The rate of melting of the West Antarctica ice sheet is expected to rise significantly this century, regardless of fossil fuel cuts. While the future looks full of challenges, reducing dependence on fossil fuels remains vital for adaptation and mitigation.
The West Antarctic Ice Sheet will continue to melt at an increased rate over the rest of the century, no matter how much we reduce the use of fossil fuels, according to British Antarctic Survey (BAS) research published this week in the journal. The nature of climate change. A significant acceleration in ice melt is now unlikely to be avoided, which implies that Antarctica’s contribution to sea level rise could increase rapidly over the coming decades.
Scientists ran simulations on the UK’s national supercomputer to investigate ocean-driven melting of the West Antarctic Ice Sheet: how much melting is unavoidable and must be adapted to, and how much melting can still be controlled by the international community by limiting emissions Greenhouse gases.
Taking into account climate fluctuations such as El Niño, they found little difference between medium-term emissions scenarios and the more ambitious targets in the 2015 Paris Agreement. Even under the best-case scenario of a 1.5°C global temperature rise, ice melt would triple Faster than it was during the 1920s.y a century.
The broader context and its implications
The West Antarctica Ice Sheet is losing ice and is the largest contributor to sea level rise in Antarctica. Previous models found that this loss could be caused by warming of the Southern Ocean, especially the Amundsen Sea region. Combined, the West Antarctica ice sheet contains enough ice to raise global average sea level by up to five metres.
Millions of people around the world live near the coast, and these communities will be greatly affected by sea level rise. A better understanding of future changes would allow policymakers to plan for the future and adapt more easily.
Expert insights and scenario analysis
“We appear to have lost control of the melting of the West Antarctic ice sheet,” says lead author Dr Caitlin Naughton, a researcher at the British Antarctic Survey. If we wanted to preserve it in its historic condition, we would have needed to take action on climate change decades earlier. The bright side is that by being aware of this situation in advance, the world will have more time to adapt to the upcoming rise in sea level. If you need to abandon or significantly redesign a coastal area, having a 50-year lead time will make a big difference.
The team simulated four future scenarios for the 21street century, in addition to one historical scenario for the twentieth centuryy a century. Future scenarios either stabilize global temperature rise at the targets set by the Paris Agreement, which are 1.5 degrees Celsius and 2 degrees Celsius, or follow standard scenarios for medium and high carbon emissions.
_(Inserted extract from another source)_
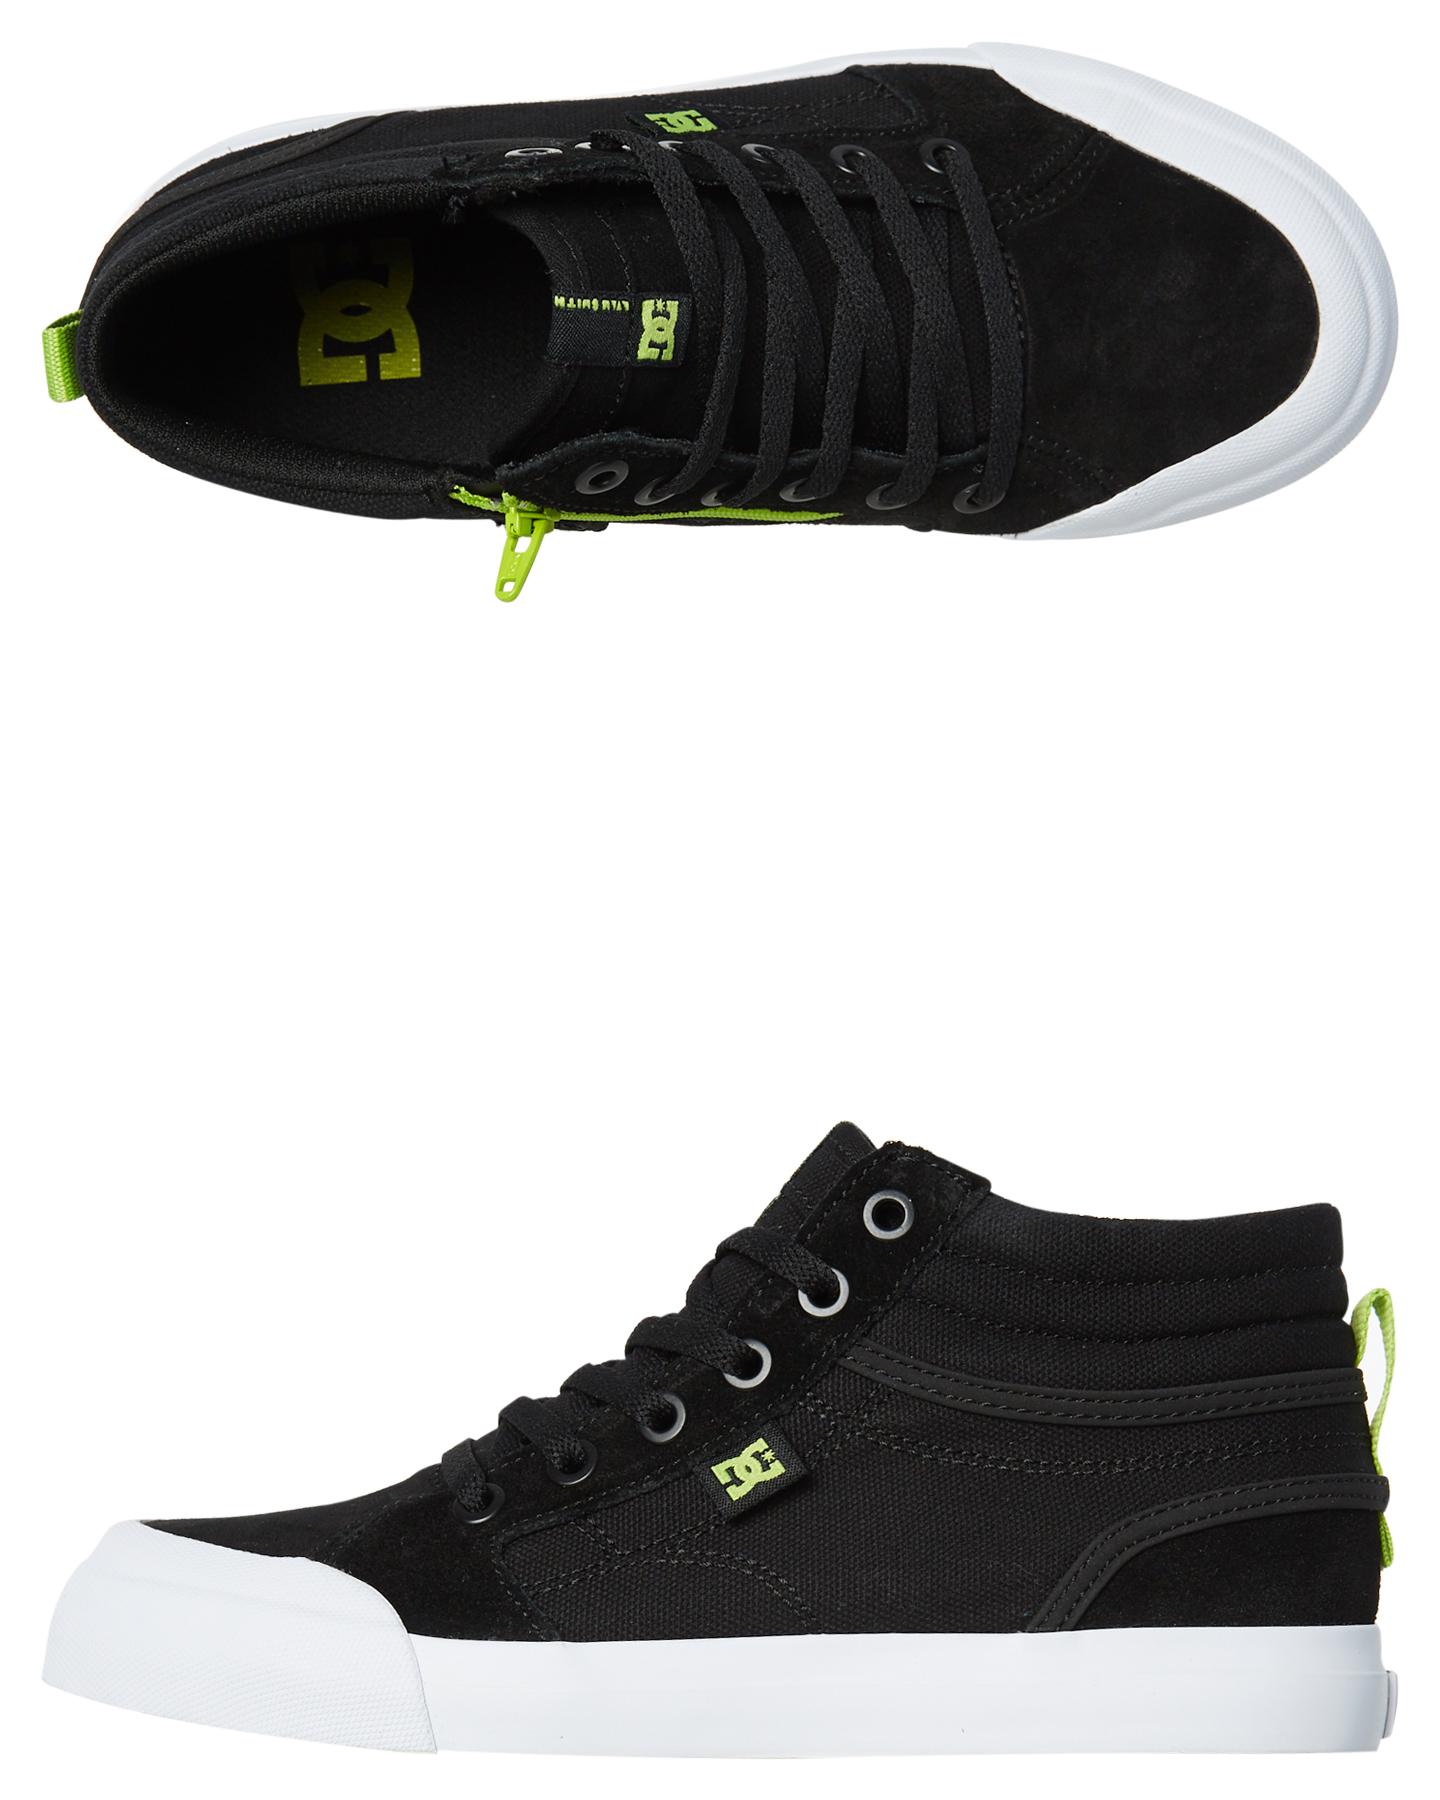 6f79bbb8a15c Dc Shoes Kids Boys Evan Hi Zip Shoe Black Lime Black Lime Baby Boys ...

All scenarios lead to a significant and widespread warming of the Amundsen Sea in the future and increased melting of its ice shelves. The three lower-scale scenarios followed almost identical trajectories over the 21 daysstreet a century. Even under the best-case scenario, the warming of the Amundsen Sea accelerated by about a factor of three, followed by the melting of floating ice shelves that stabilized the inland glaciers, although they began to flatten by the end of the century.
The worst-case scenario had the ice shelf melting more than the other scenarios, but only after 2045. The authors note that this high-fossil fuel scenario, where emissions increase rapidly, is considered unlikely to happen.
Conclusion and call to action
This study presents realistic future projections for ice shelf melting in the Amundsen Sea, but does not undermine the importance of mitigation in reducing the effects of climate change.
“We should not stop working to reduce our dependence on fossil fuels,” warns Naughton. “What we do now will help slow the rate of sea level rise in the long term. The slower the changes in sea level, the easier it will be for Governments and society adapt to it, even if it cannot be stopped.
Reference: “Unavoidable Future Increase in Melting of the West Antarctic Ice Shelf During the 21st Century” by Caitlin A. Naughton, and Paul R. Holland, Jean de Redt, October 23, 2023, The nature of climate change.